Letter

Dear Editors

I am curious about the following extract from the explanation of your declaration of principles on your website [under About Us] which seems to imply a hugely simplified, black and white analysis of the mechanics at play:

“if your main income is derived from the work of others then you are a capitalist”.

This then IS the person living on state benefits but NOT the person who has inherited huge wealth OR the millionaire who fortuitously invested his earnings on the stock market etc

It also strikes me that the attempt to represent a simple two class structure is somewhat flawed, the ultimate business owner and the lowliest of the employed being an obvious distinction, but the upper management for example are rewarded at a much higher level, this will be related to the relative wealth/success of the company and therefore by definition the labour of the employees, their main income then is also derived from the work of others and as such they are also capitalists; but not in the same class as the business owner.

Ralph P.

Reply:

Interpreted literally and out of context the passage quoted could be pedantically interpreted as meaning that someone on benefits was a capitalist. If, however, the complete passage is read – ‘if you must work for a living then you are working class, if your main income is derived from the work of others then you are a capitalist’ – then a person on benefits is clearly a member of the working class; only, for one reason or another, they are not able to find an employer and so have to be maintained by hand-outs from the state. That, however, does not make them capitalists any more than being paid out of profits makes a capitalist’s servant one either.

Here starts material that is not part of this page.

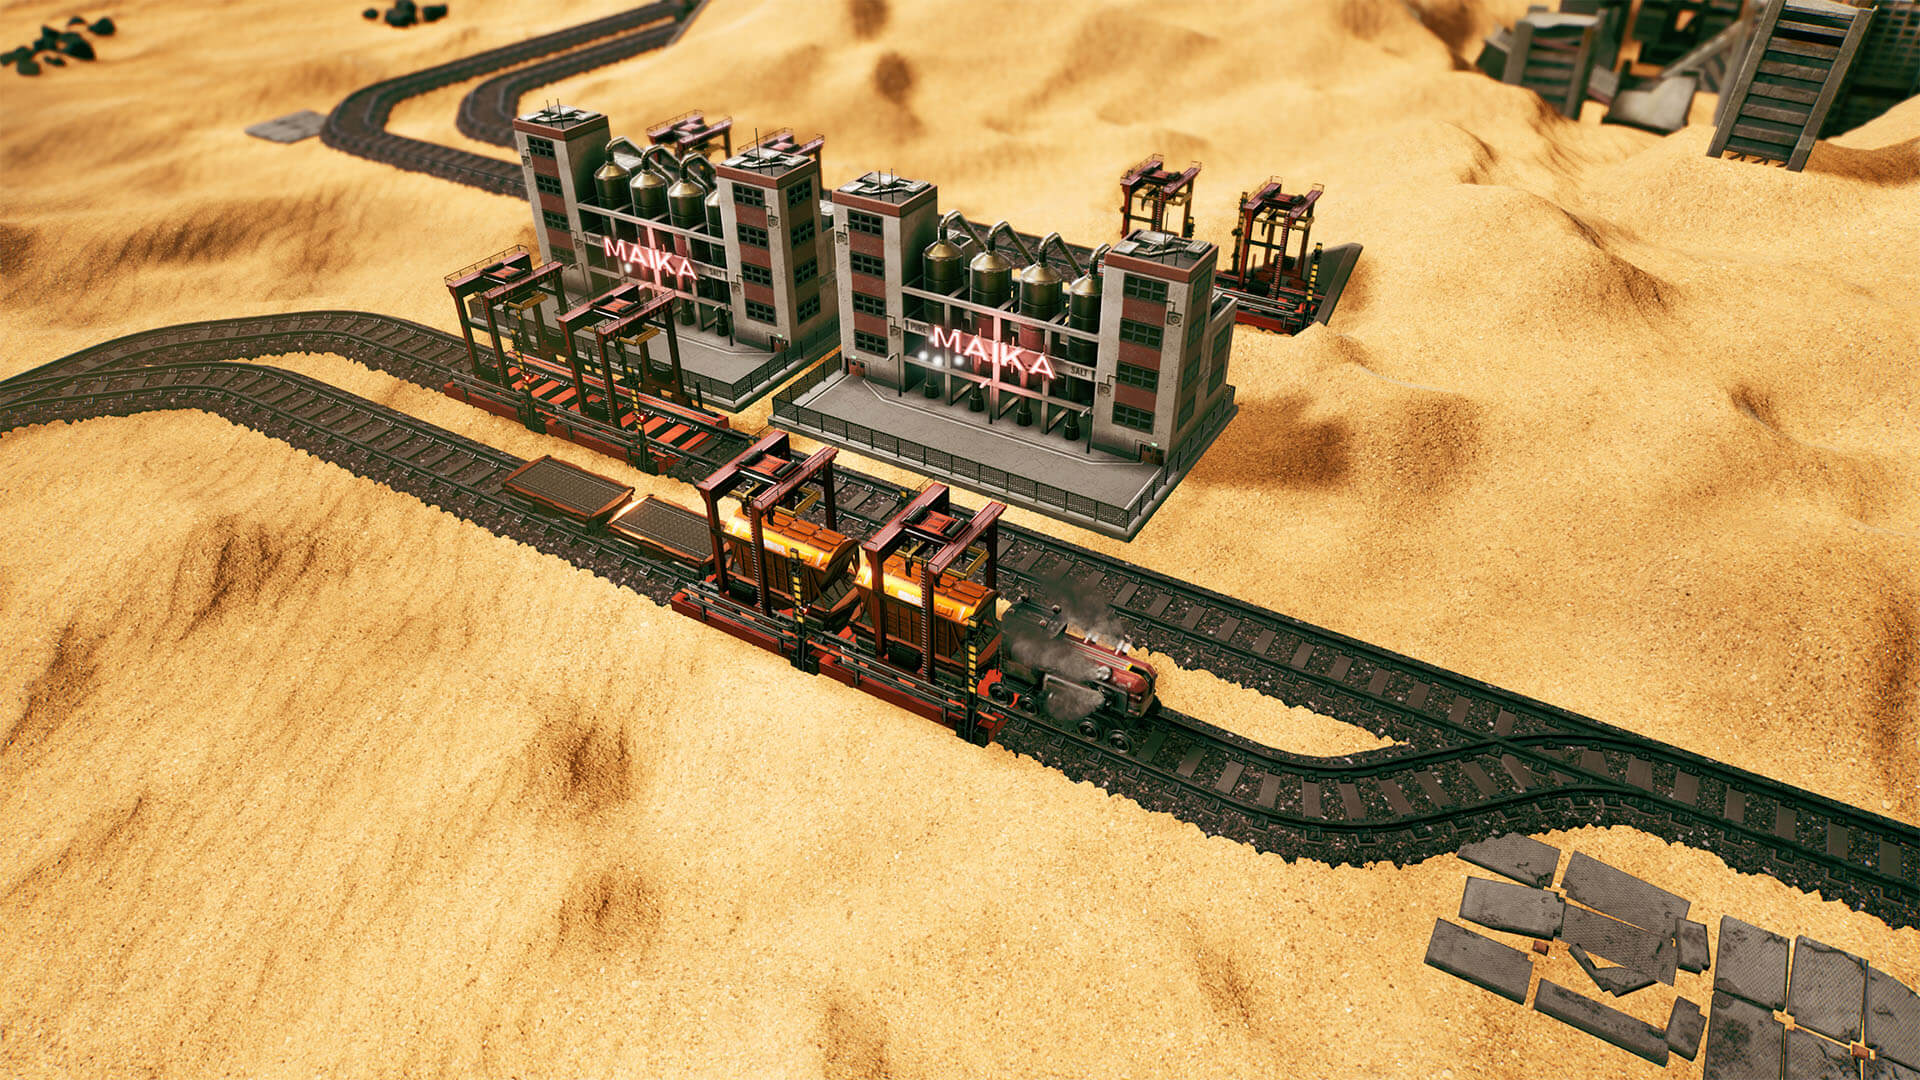 鐵路運輸模擬遊戲《Railgrade》現已發售 首發72元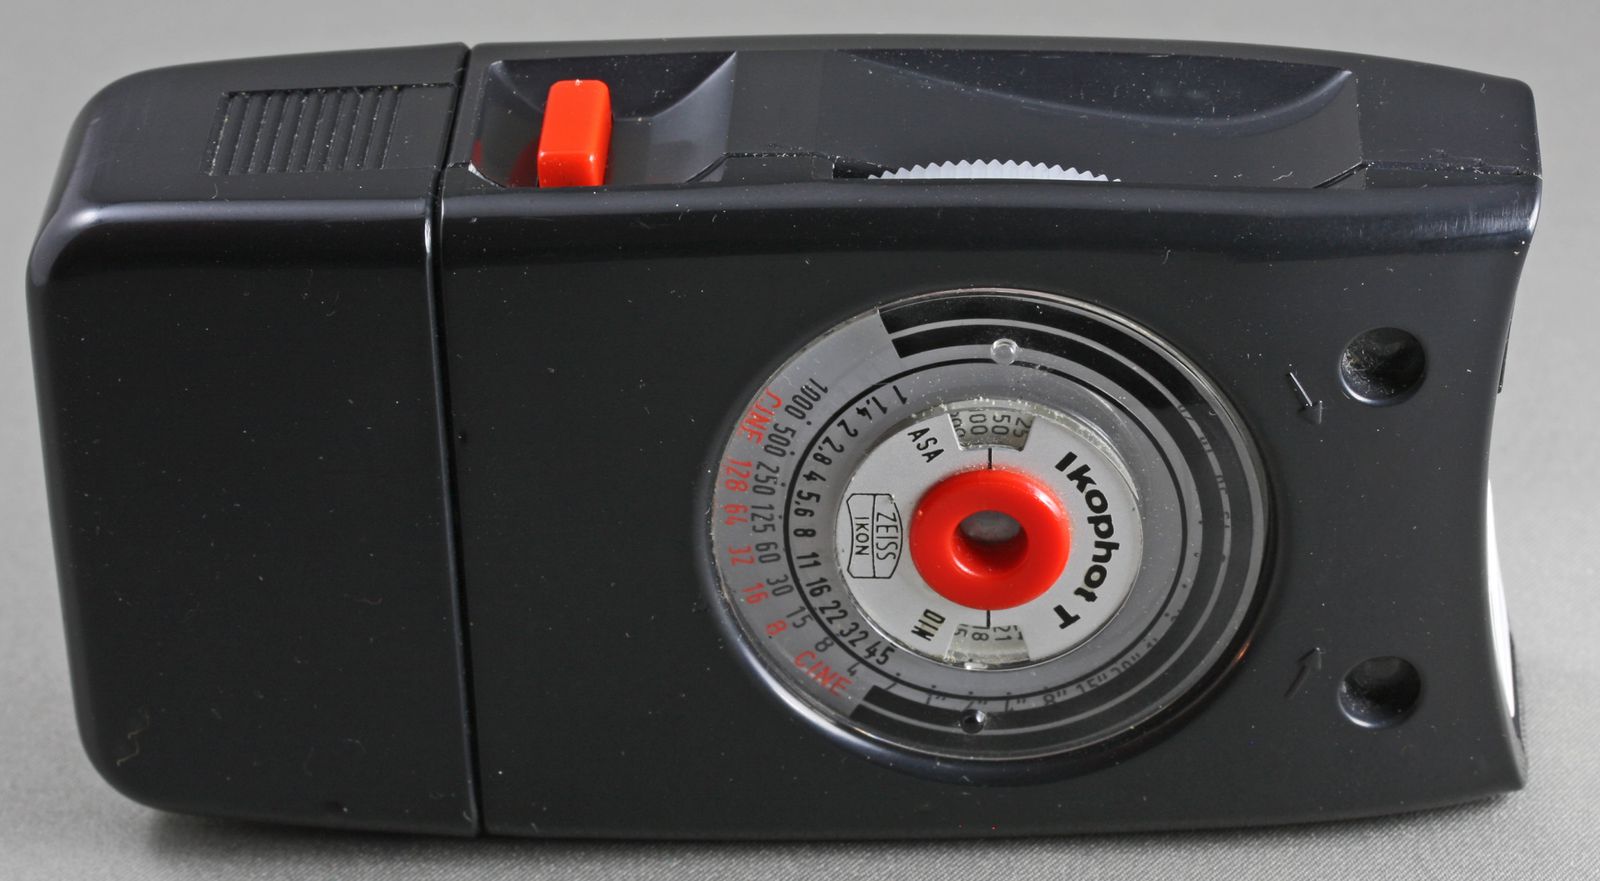 Un posemètre modèle Ikophot de la marque : Zeiss Ikon, made in Germany

In any event, whichever way to turn it, the passage cannot be said to mean that a person who has inherited huge wealth or a millionaire speculator on the stock market is not a capitalist since neither must work for a living.

As to ‘upper management’, by which we take you to mean managing directors and CEOs of big corporations, you are right that most of their income will be a share of profits, disguised, for tax avoidance purposes, as an income from employment. So, yes, they are members of the capitalist class. Management below that level, on the other hand, are members of the working class doing a particular job within the division of labour (and antagonistic capitalist relations of production). As the section from which you have extracted a passage says later on, it is the labour of workers ‘including the plant management’ that creates the profits that keep the capitalists rich.

Our declaration of principles asserts that there are two classes in society – ‘those who possess but do not produce and those who produce but do not possess’. The income of those who possess land, factories, offices, communications and the other means by which society reproduces itself is a property income which accrues to them without them having to work; it is, as the tax authorities used to call it, ‘unearned income’. It takes the legal form of corporate profits, dividends on shares, interest on bonds, ground-rent on land and, also, as just explained, bloated ‘salaries’. Only a small minority of the population are in this position. The rest of us, the vast majority, not possessing such income-yielding property, are obliged to go out on to the labour market to try to find an employer. If we find one, as most of us do, then our wage is our main income; if we don’t find one, as many don’t, then we have to exist on meagre state hand-outs.

Apart from their main income some workers own shares or other interest-bearing savings but, as we say on our website, none ‘have the luxury to quit their jobs and live off investment income’. In fact, according to a recent survey by the Yorkshire Building society ’19 per cent of adults had less than £100 in savings … Thirteen per cent of people have no savings at all to fall back on and more than a quarter (26 per cent) have less than £500 put away’ (Times, 15 June). Even those with ten or twenty times as much as that wouldn’t be able to stop off working for wages for long.

Present-day society is manifestly divided into two classes – a small minority who live off profits and the rest of us who are wage-seekers.—Editors.